Top of AVAILABLE DATA

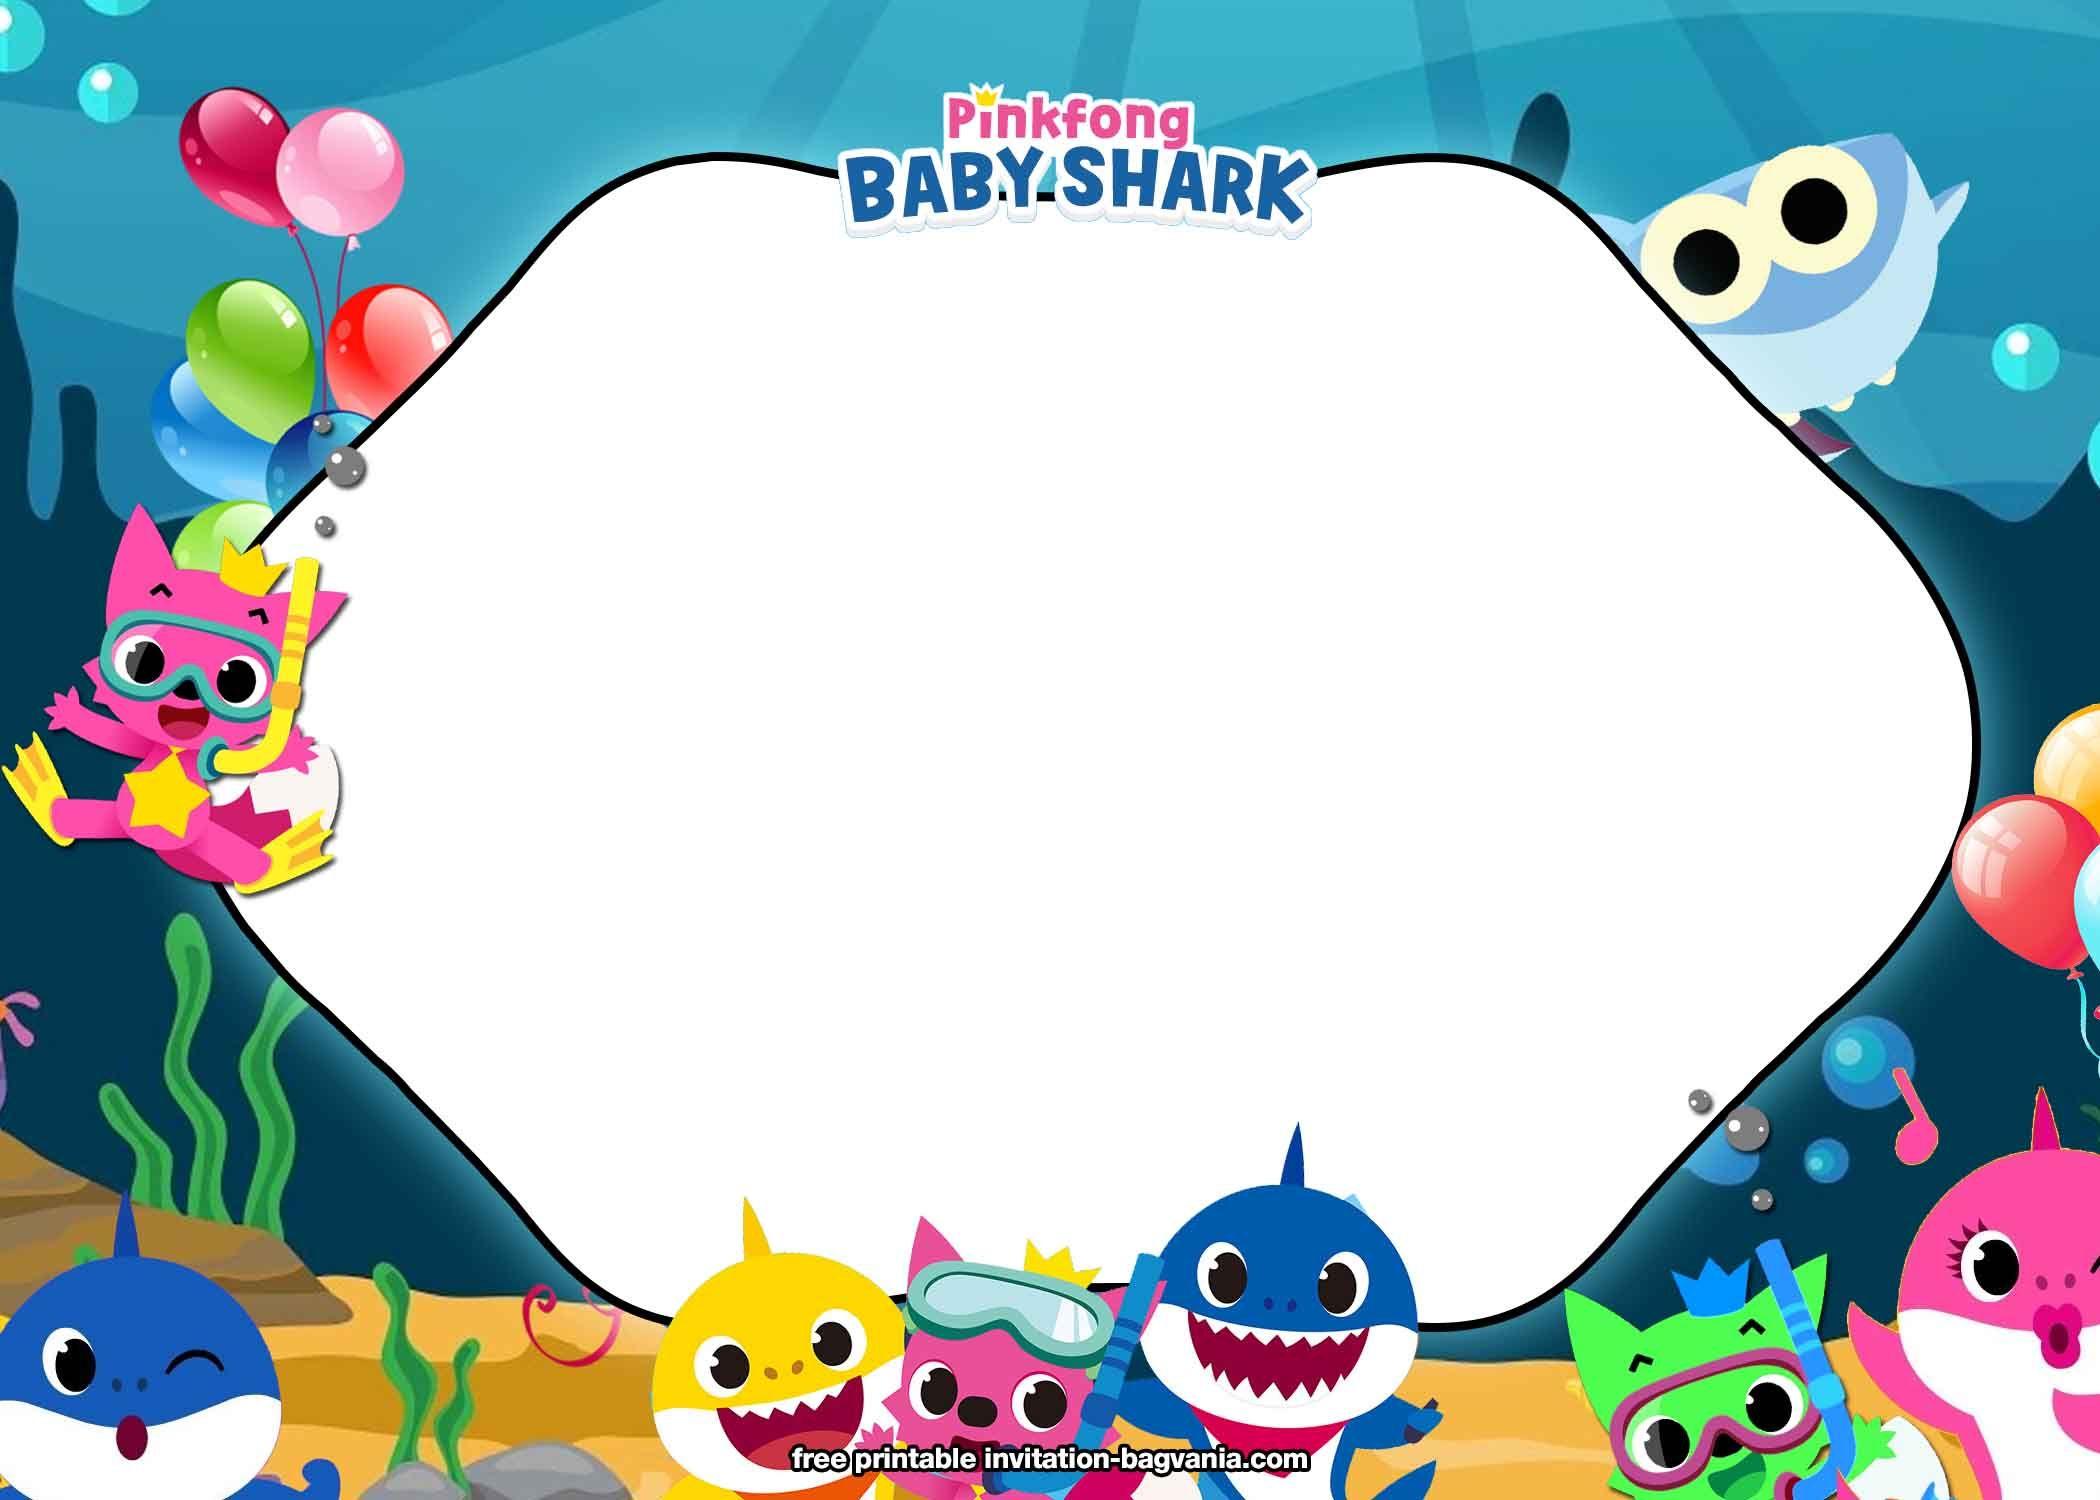 Free Printable Baby Shark Birthday Invitation Templates Shark Birthday Invitations Shark Birthday Party Invitation Shark Theme Birthday
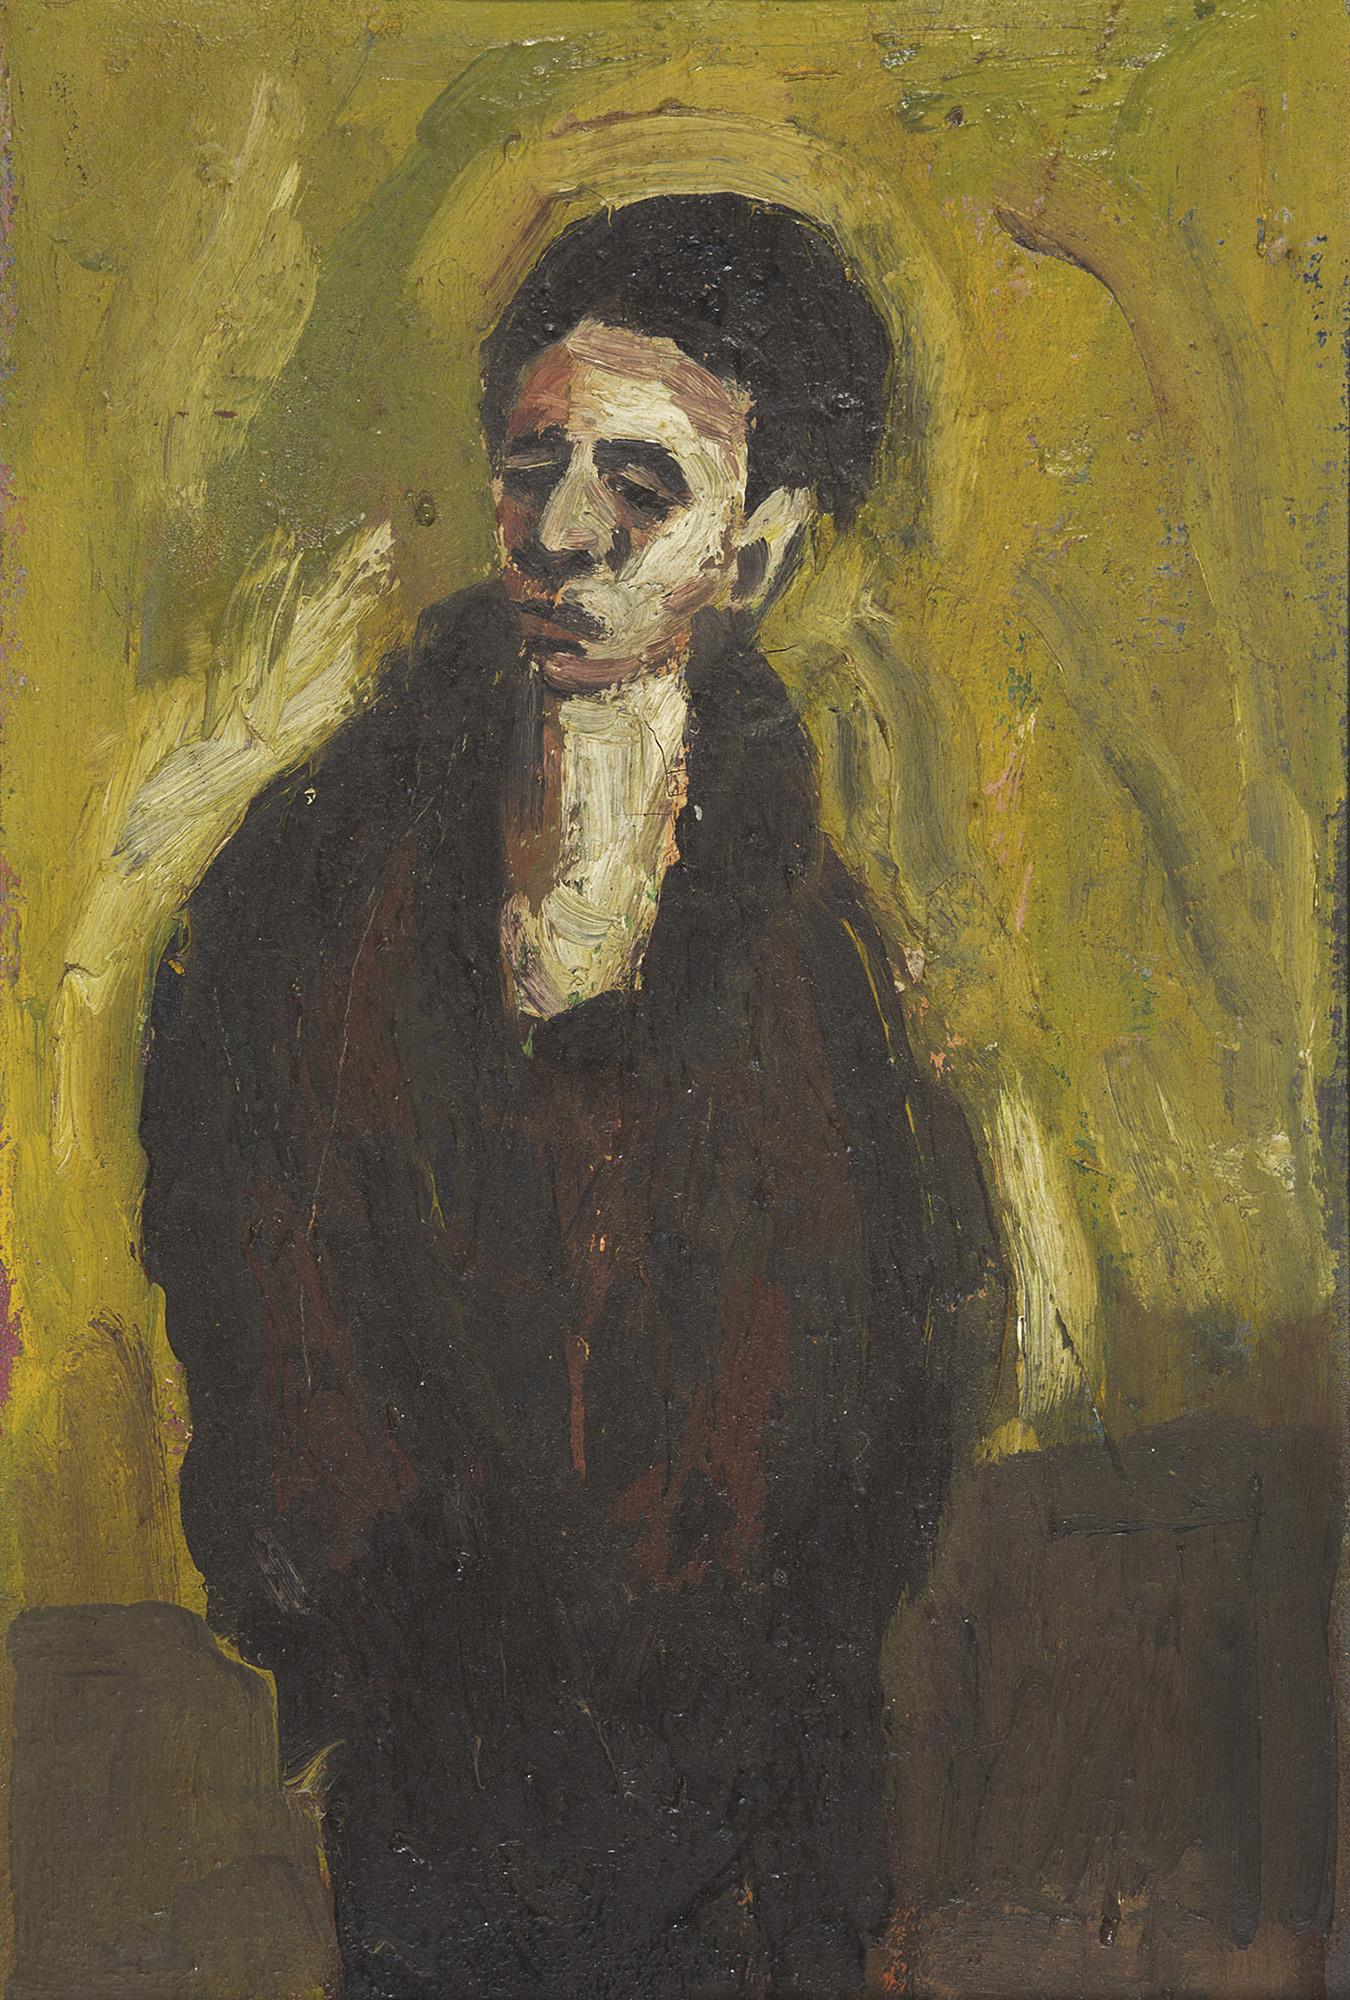 Brett Whiteley, (1939-1992), Figure Of A Young Man 1958, oil on board
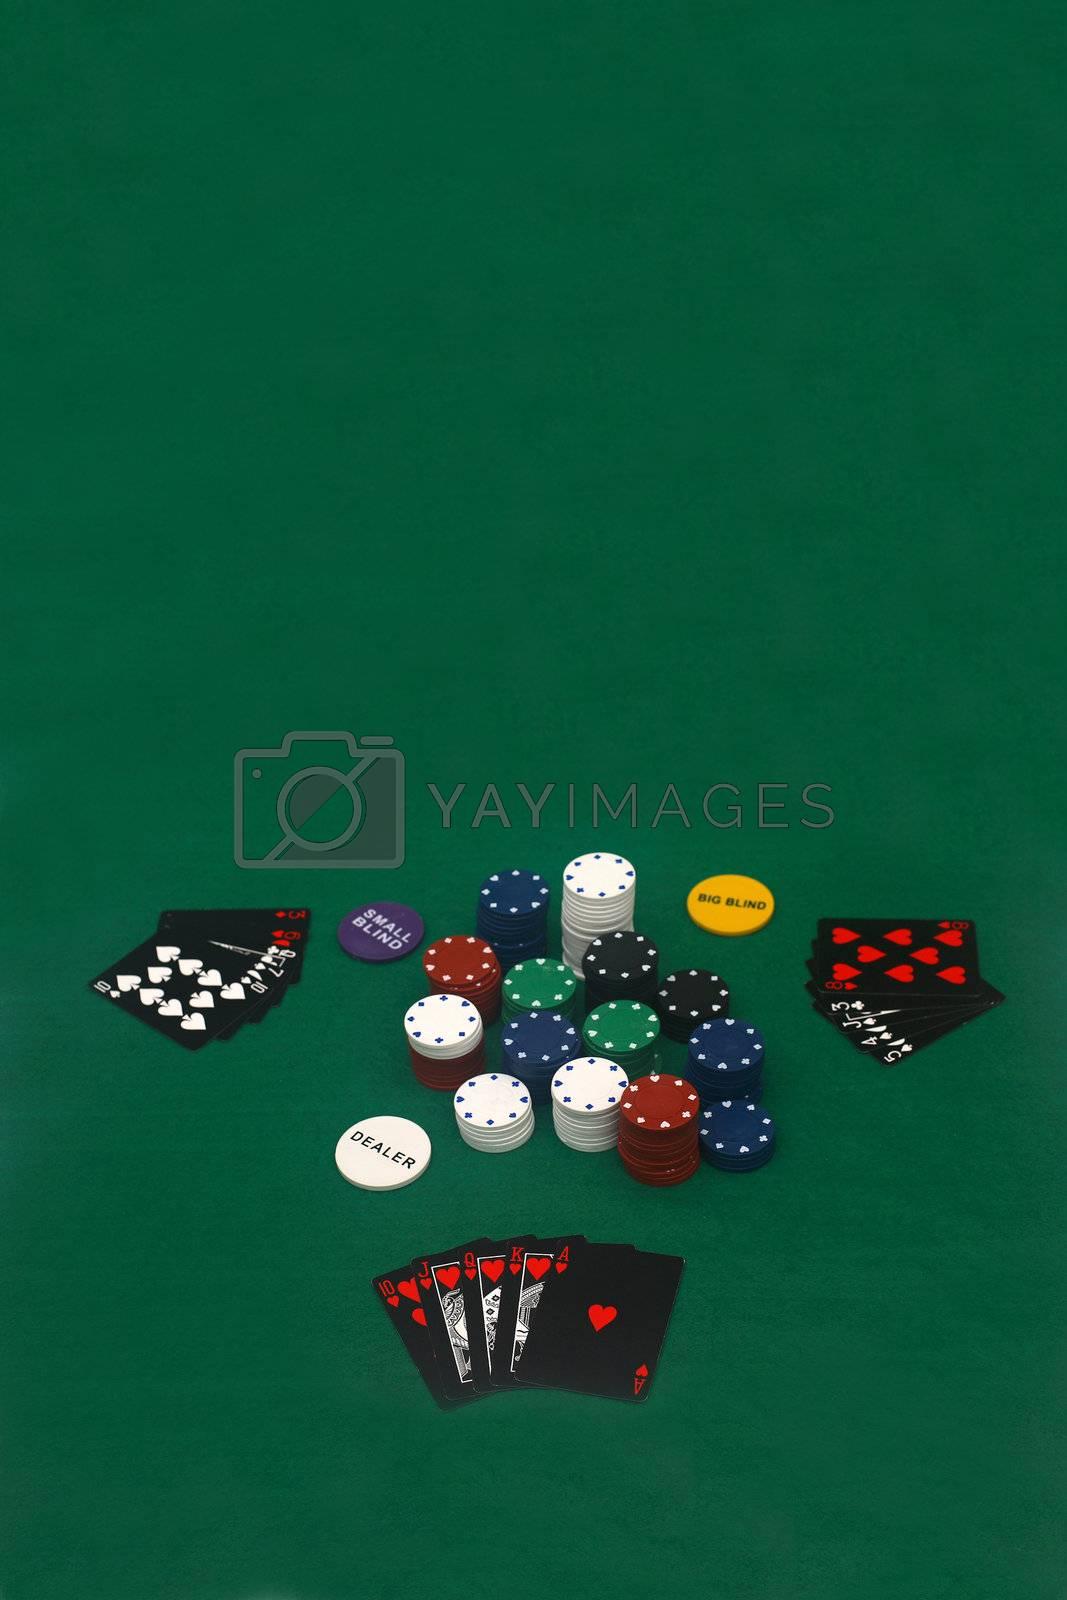 Poker Game by Daniel_Wiedemann
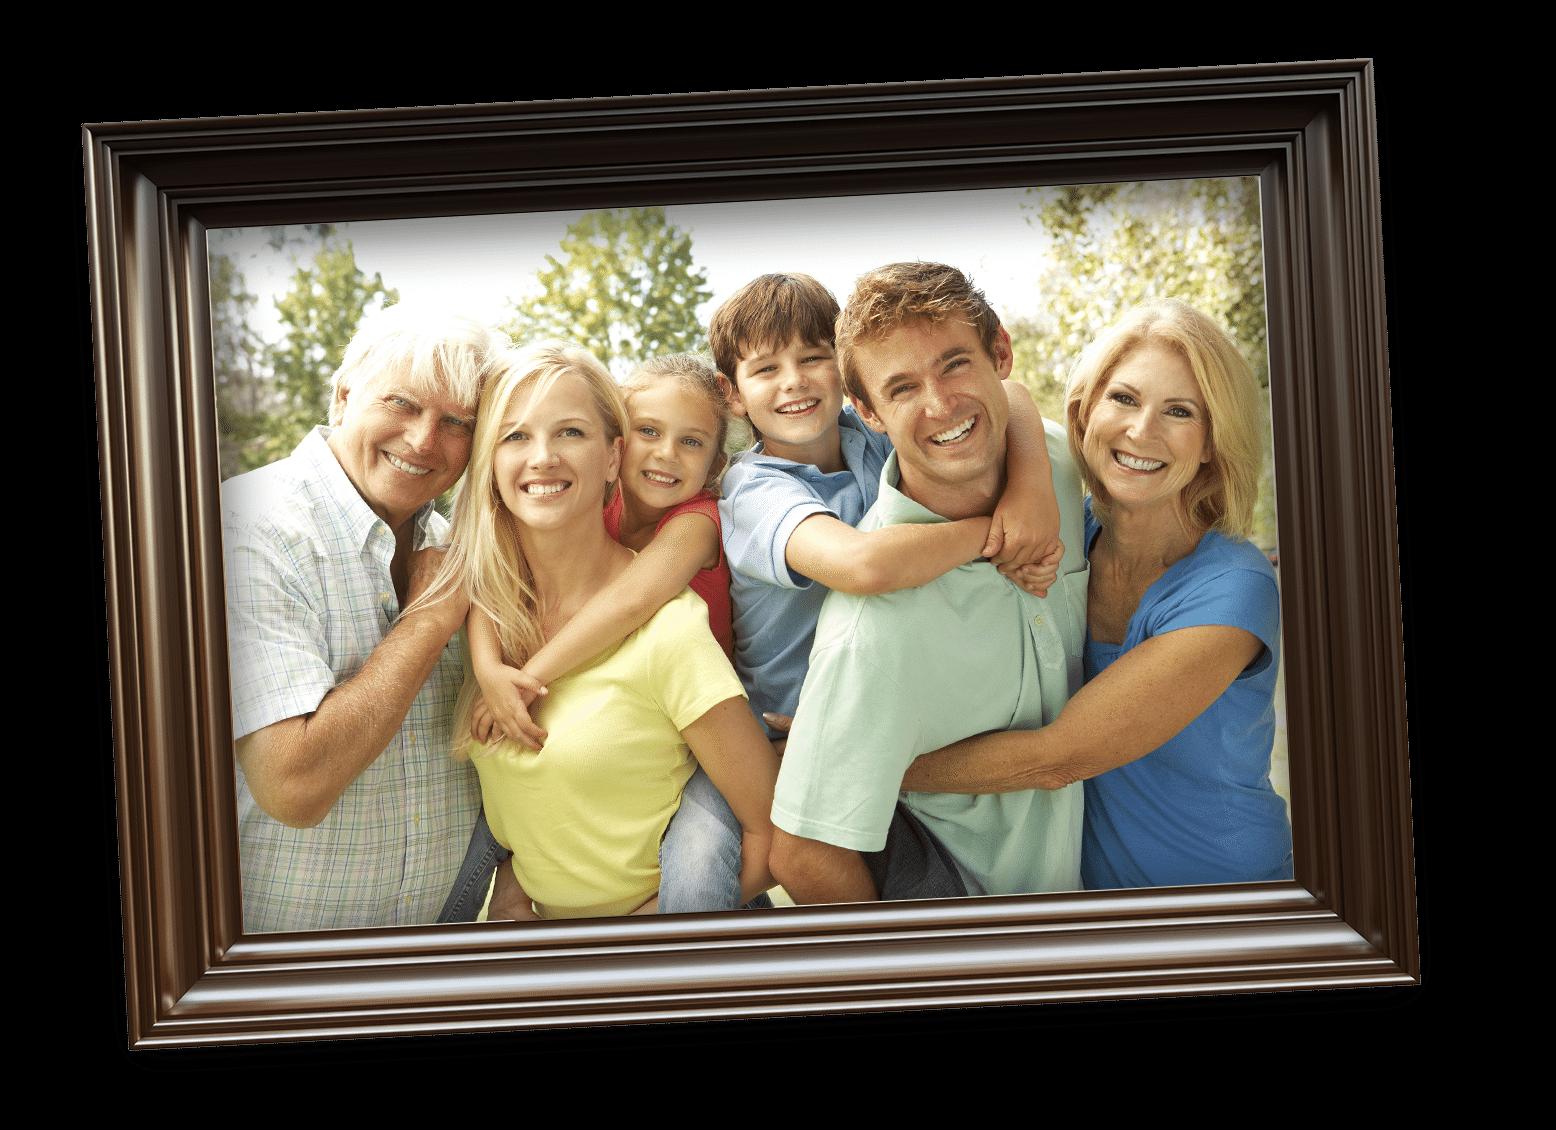 family in frame

Bottom of AVAILABLE DATA

**ACTIVITY:**
Output, exactly and without pictures, the span of lines that starts at the line containing "Brett Whiteley, (1939-1992), Figure" and ends at the last line above.

**RESPONSE TO THIS EXERCISE:**
 Brett Whiteley, (1939-1992), Figure Of A Young Man 1958, oil on board
 Poker Game by Daniel_Wiedemann
 family in frame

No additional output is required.